WHAT THE TASK REQUIRES
Restate the listing below word for word; no pictures belong in the copy.

RECORDED DATA
· · · · ·

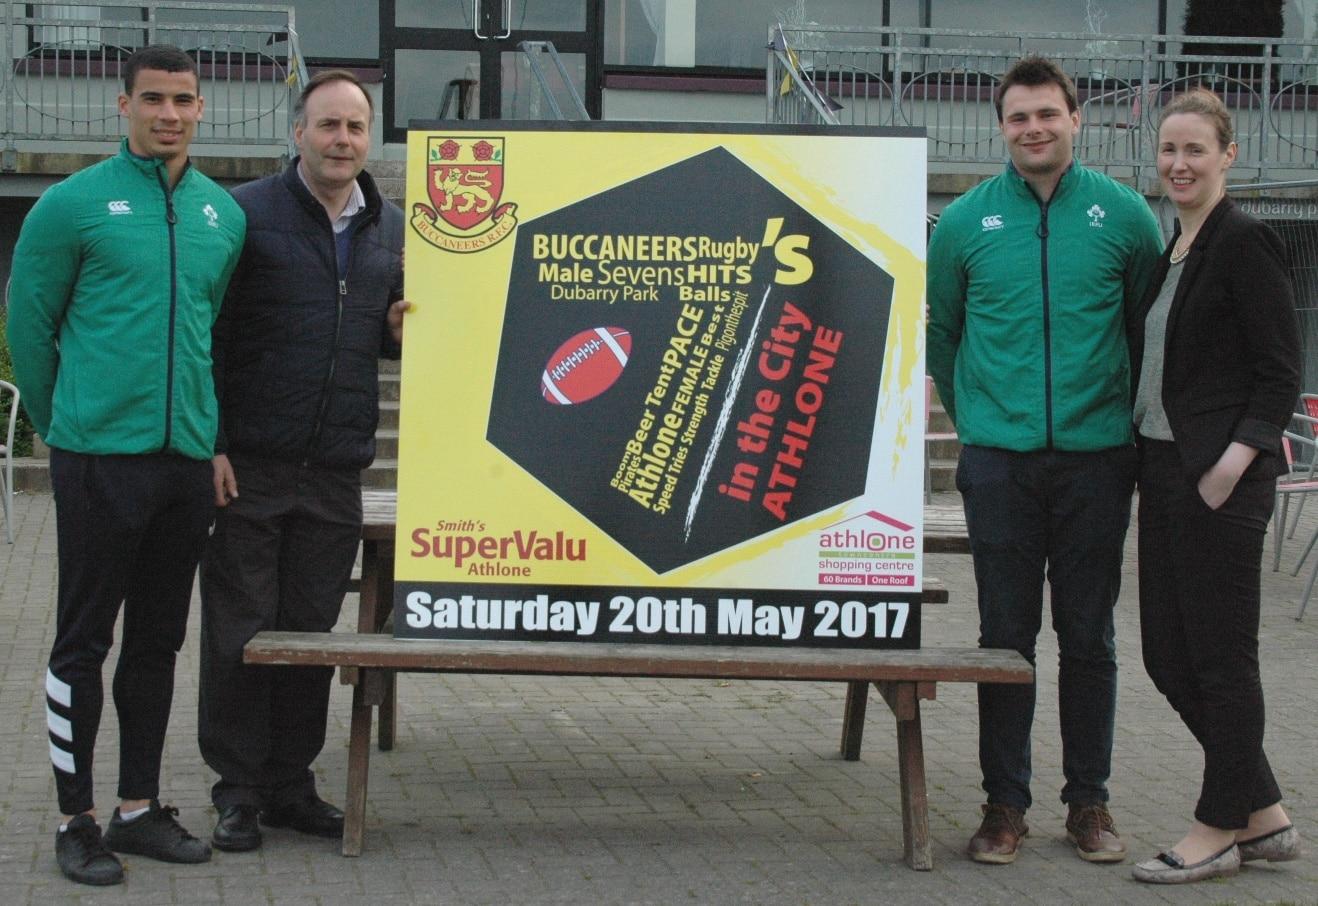 Athlone 7's in the City Buccaneers RFC
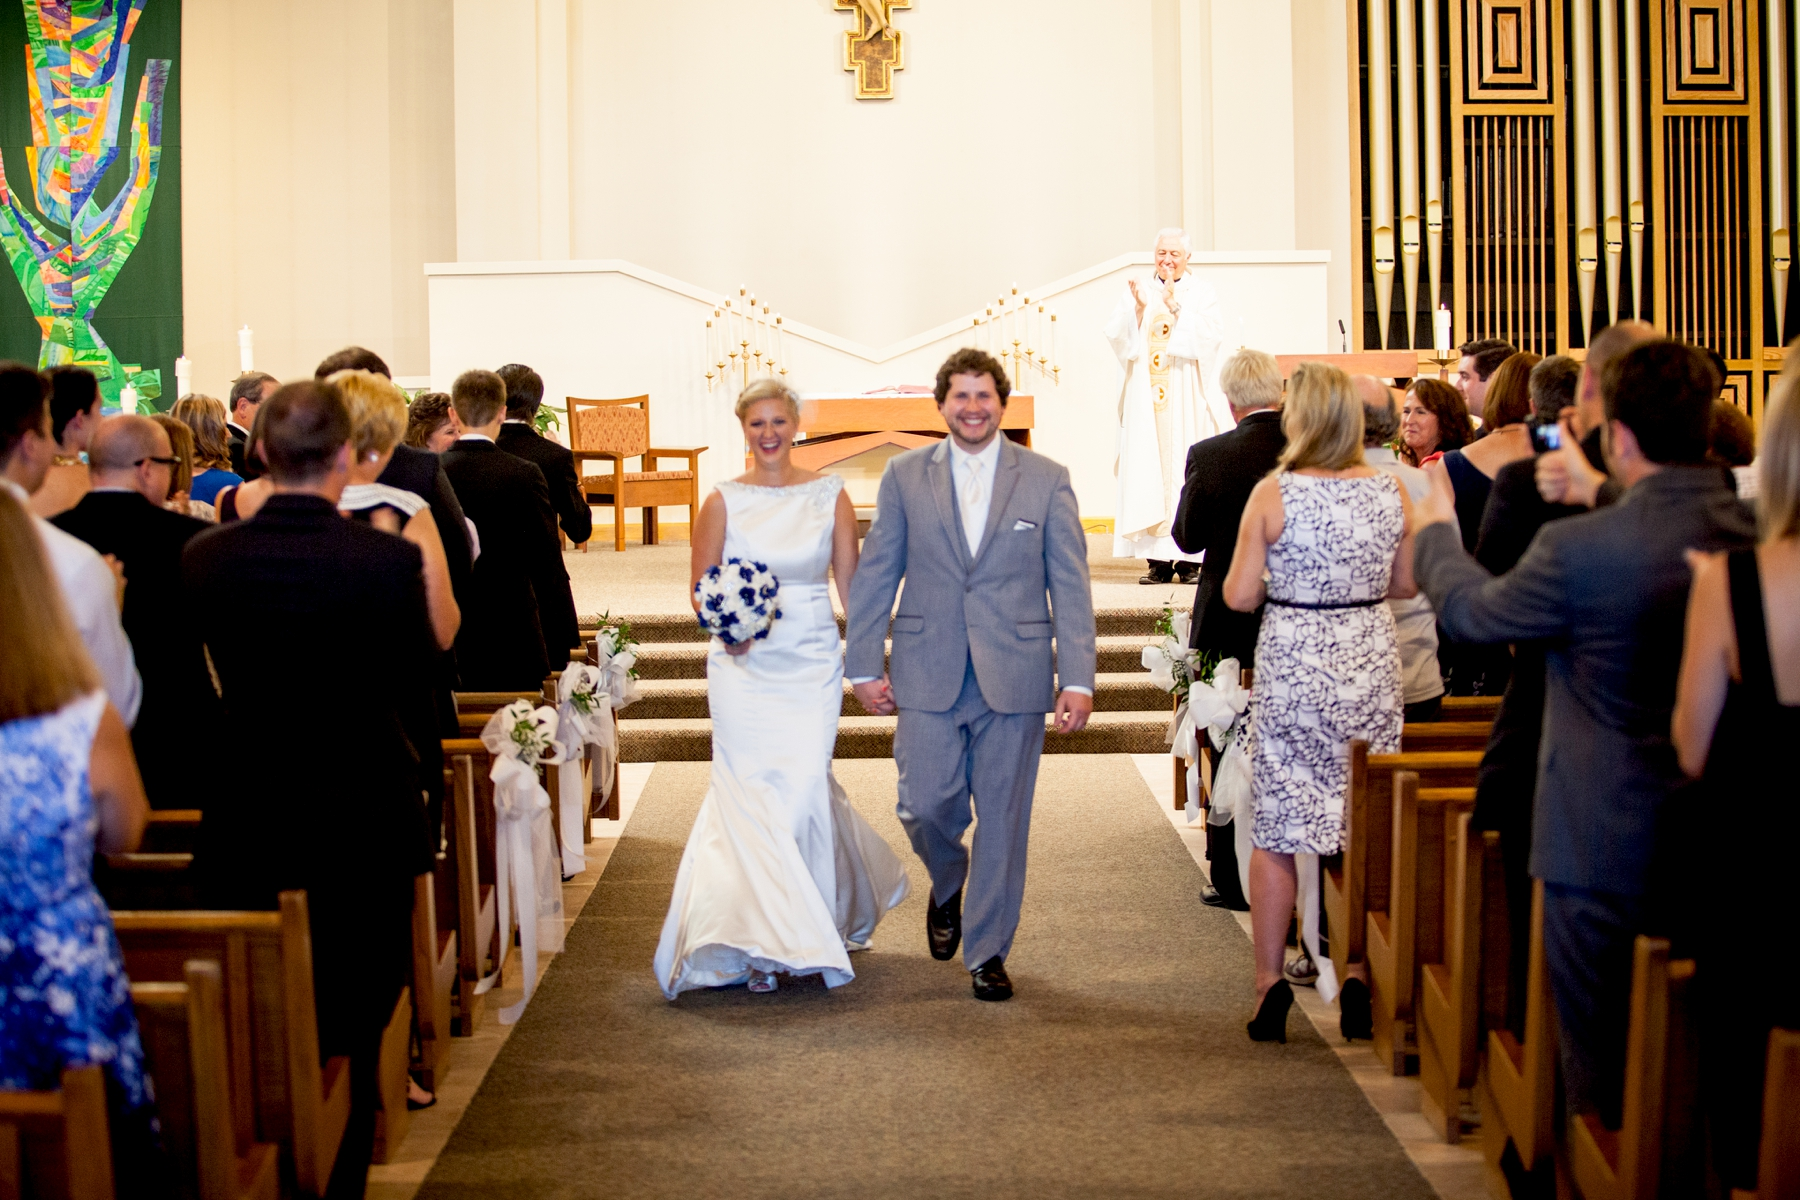 Brandon_Shafer_Photography_Chris_Lauren_Michigan_State_Capital_Wedding_0026.jpg
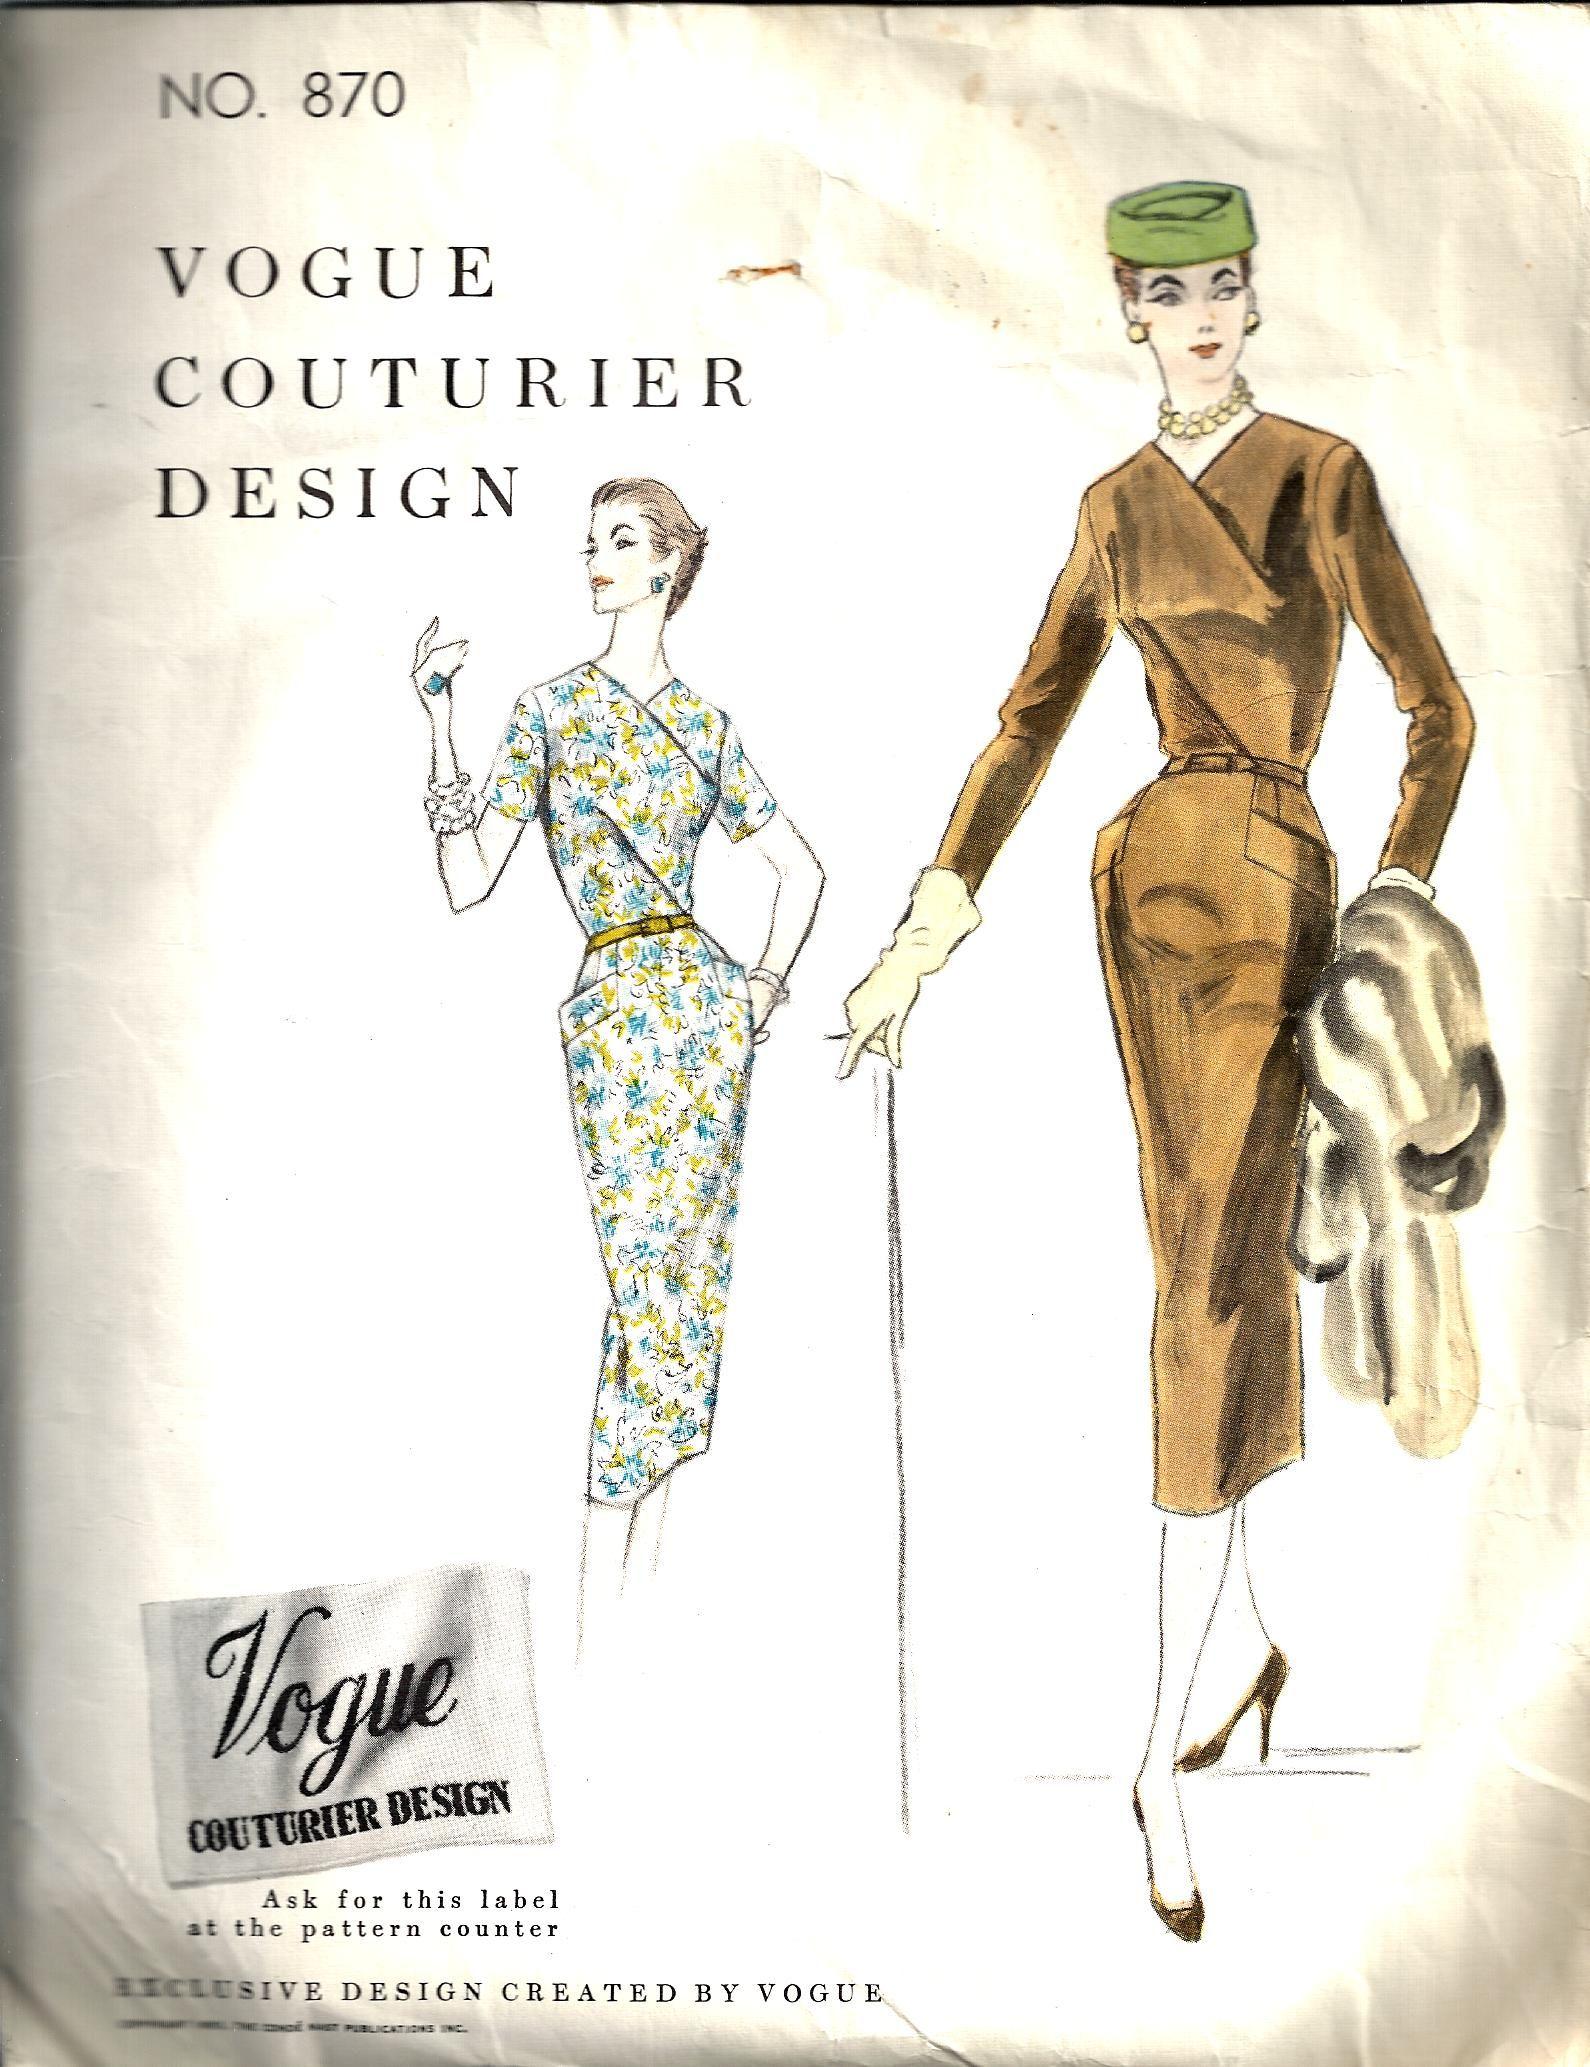 Vintage Sewing Pattern Dress Vogue Couturier 870 | paper, printables ...
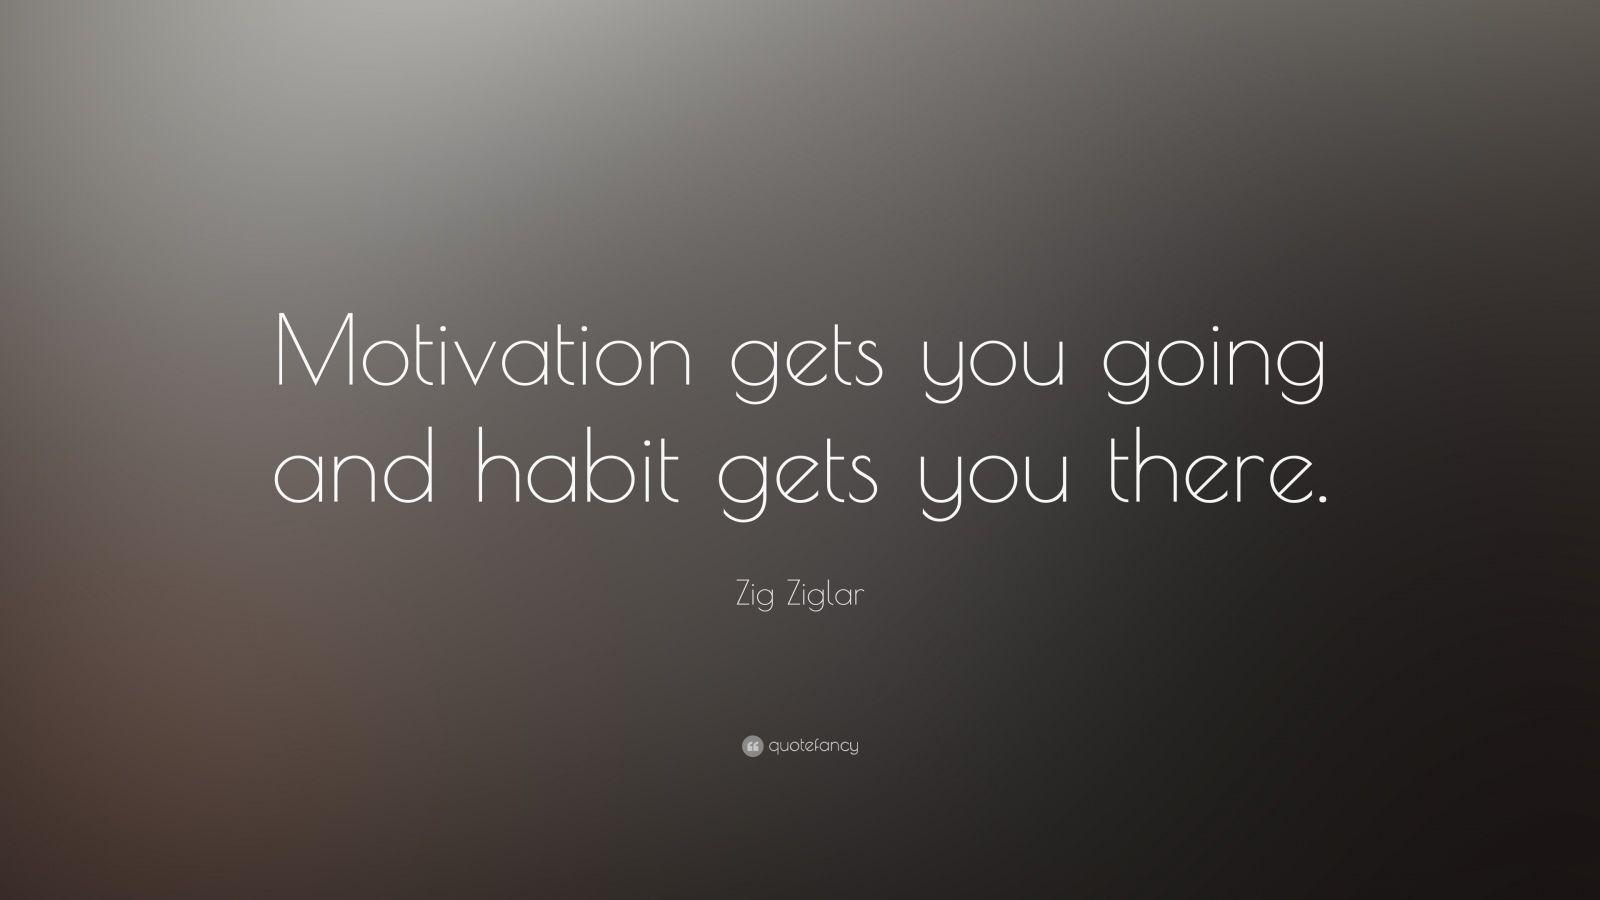 Motivating Quote Wallpaper Zig Ziglar Quote Motivation Gets You Going And Habit

· · · · ·

ANSWER BOX
 Athlone 7's in the City Buccaneers RFC
 Brandon_Shafer_Photography_Chris_Lauren_Michigan_State_Capital_Wedding_0026.jpg
 Vintage Sewing Pattern Dress Vogue Couturier 870 | paper, printables ...
 Motivating Quote Wallpaper Zig Ziglar Quote Motivation Gets You Going And Habit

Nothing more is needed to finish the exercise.